Pursuit of Knowledge

Worksop College Schools’ Philosophy Conference 2-4 November 2016

Wall of posters made by students

Academics and students from the Department of Philosophy at the University of Sheffield are lending their support to the Worksop College Schools’ Philosophy Conference, 2-4 November 2016.

“Pursuit of Knowledge” will take place at Worksop College with 115 pupils from seven schools from across the UK taking part in the three-day conference which will give participants the chance to debate, discuss and think about issues from a philosophical viewpoint.

The conference is also being supported by the Royal Institute of Philosophy who is providing funding to cover the travel costs of the speakers.

The conference is being organised by Jane Gatley, herself a Philosophy graduate from the University of Sheffield, who teaches at Worksop College and is also a doctoral student at the University of Birmingham researching why philosophy should be taught in schools. Jane said, ”This conference has been set up to bring people from schools and universities with an interest in philosophy together. School students have the opportunity to interact with the world of academic philosophy and get an insight into what studying at university might be like. The University of Sheffield has been extremely supportive in running this event, both this year and last.”

Head of Department, Dr Rosanna Keefe said, “The Department of Philosophy is delighted to support this conference with three of our academic experts giving talks and our enthusiastic student volunteers being on hand to support and encourage those taking part. We have also provided bursaries from widening participation funds to cover the costs of the conference places for 20 pupils.”

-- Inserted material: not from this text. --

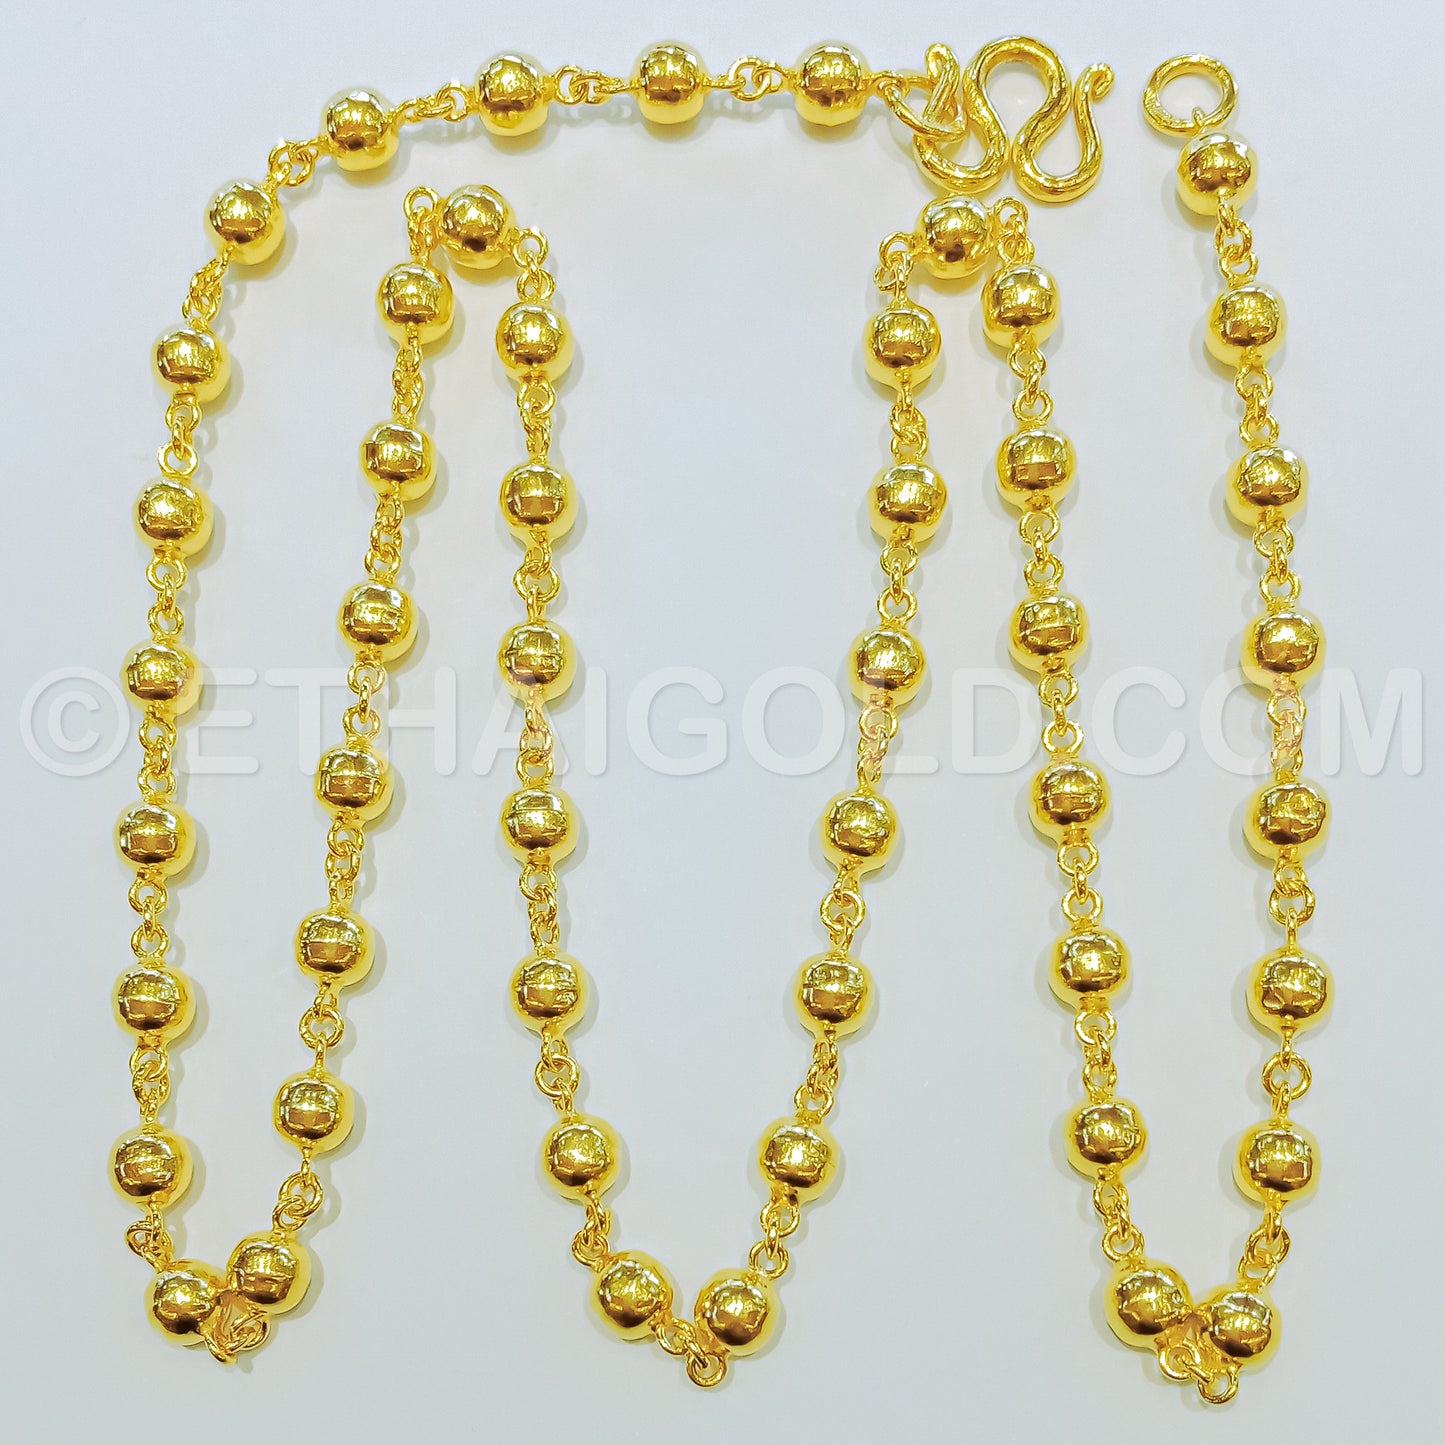 1/2 BAHT POLISHED HOLLOW ROSARY BEAD CHAIN NECKLACE IN 23K GOLD (ID: N3502S)

“Students who study philosophy develop core problem solving skills, can analyse problems, think clearly, recognise and respond to the views of others and communicate ideas concisely. The conference will give school pupils the opportunity to practice and develop these skills – all of which are invaluable in many careers and future studies. We hope that the conference will inspire those that attend to further develop their interest in this fascinating and complex subject.”

Professor Angie Hobbs’ session on “Democracy, Demagoguery and Plato” and Professor Jenny Saul’s talk on “Dogwhistles and Figleaves: Racism, Linguistic Manipulation, and the 2016 US Election” will both provoke discussion and debate on current issues. Dr Chris Bennett will give a talk about the benefits of Higher Education and, in particular, studying Philosophy at University.

Current Philosophy student volunteers from the Department’s award-winning Philosophy in the City project will assist in the workshops and seminars and support the pupils as they take part in the Philosothon –an activity that divides school students into discussion groups to investigate ethical and other philosophical questions in the context of 'communities of inquiry'.